ML for TradingLesson 5
End-to-End ML Trading Pipeline
Build a complete machine learning trading pipeline from data to live signals.
15 minute read
4 key takeaways
The Full ML Trading Pipeline
Here's how to build an end-to-end system that takes price data and produces live trading signals.
Architecture Overview
- 1. Data Ingestion: Fetch OHLCV for universe
- 2. Feature Engineering: Create 30-50 features
- 3. Label Creation: Define what we're predicting
- 4. Model Training: Fit on historical data with proper CV
- 5. Model Evaluation: Test on holdout period
- 6. Live Signal Generation: Score new data daily
- 7. Position Management: Convert signals to orders
- 8. Monitoring: Track performance vs. backtest
python
import pandas as pd
from sklearn.ensemble import RandomForestClassifier
from sklearn.preprocessing import StandardScaler
class MLTradingPipeline:
def __init__(self):
self.model = None
self.scaler = StandardScaler()
self.last_train_date = None
def fetch_data(self, symbols, start_date, end_date):
"""Fetch OHLCV data"""
data = {}
for sym in symbols:
df = fetch_ohlcv(sym, start_date, end_date)
data[sym] = df
return data
def create_features(self, df):
"""Engineer features"""
df['Return'] = df['Close'].pct_change()
df['SMA_20'] = df['Close'].rolling(20).mean()
df['RSI'] = calculate_rsi(df['Close'], 14)
df['Volatility'] = df['Return'].rolling(20).std()
# Add 30+ more features
return df
def create_labels(self, df):
"""Define target"""
df['Future_Return'] = df['Close'].shift(-5) / df['Close'] - 1
df['Label'] = (df['Future_Return'] > 0).astype(int)
return df
def train_model(self, train_data):
"""Train on historical data"""
X = train_data[feature_cols].dropna()
y = train_data.loc[X.index, 'Label']
X_scaled = self.scaler.fit_transform(X)
self.model = RandomForestClassifier(n_estimators=100)
self.model.fit(X_scaled, y)
self.last_train_date = train_data.index[-1]
def generate_signals(self, recent_data):
"""Generate trading signals for today"""
features = self.create_features(recent_data)

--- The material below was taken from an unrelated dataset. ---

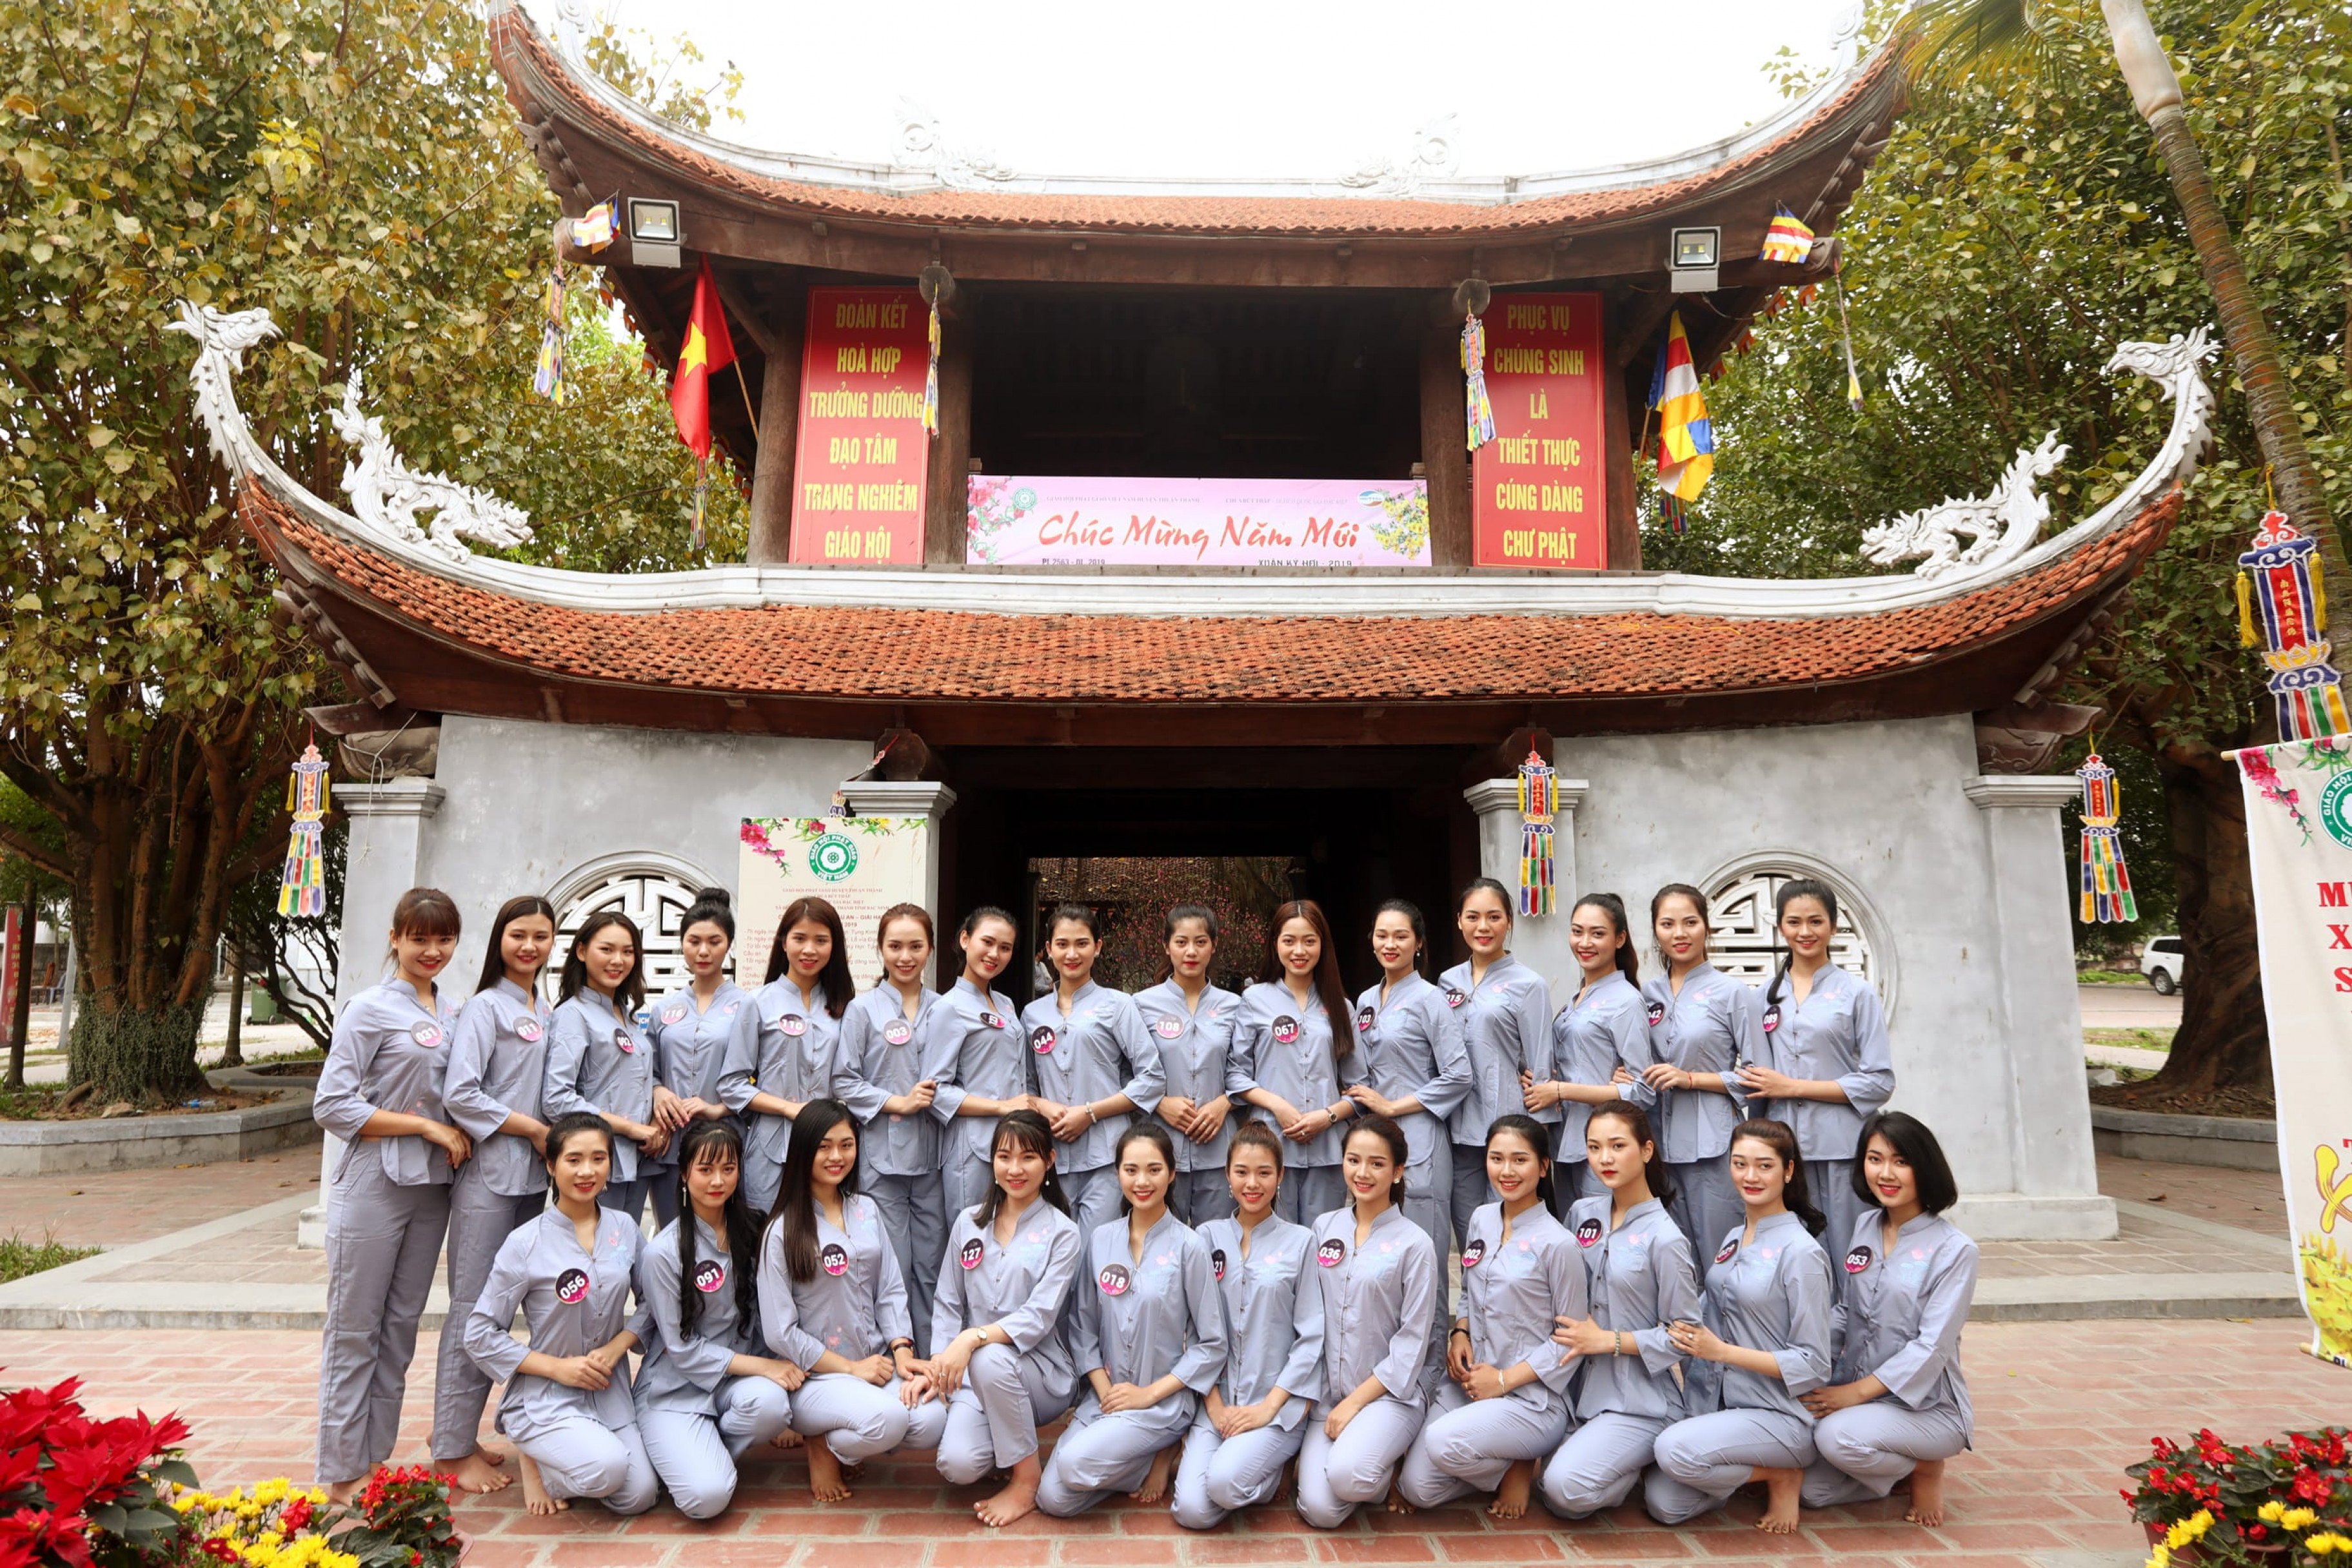 Chùa Bút Tháp (hay còn gọi là chùa Nhạn Tháp) là một thắng cảnh nổi tiếng của Bắc Ninh. Là một địa điểm du lịch tâm linh được nhiều người yêu thích khi đến với vùng đất đậm giá trị văn hóa này.

X = features[feature_cols].loc[[features.index[-1]]]
X_scaled = self.scaler.transform(X)
prediction = self.model.predict(X_scaled)[0]
probability = self.model.predict_proba(X_scaled)[0, 1]
return {
'signal': 'BUY' if prediction == 1 else 'SELL',
'confidence': probability
}
# Usage
pipeline = MLTradingPipeline()
# Train (weekly)
historical_data = pipeline.fetch_data(['AAPL'], '2020-01-01', '2024-01-01')
for sym in historical_data:
df = historical_data[sym]
df = pipeline.create_features(df)
df = pipeline.create_labels(df)
pipeline.train_model(df)
# Deploy (daily)
today_data = pipeline.fetch_data(['AAPL'], today, today)
signal = pipeline.generate_signals(today_data['AAPL'])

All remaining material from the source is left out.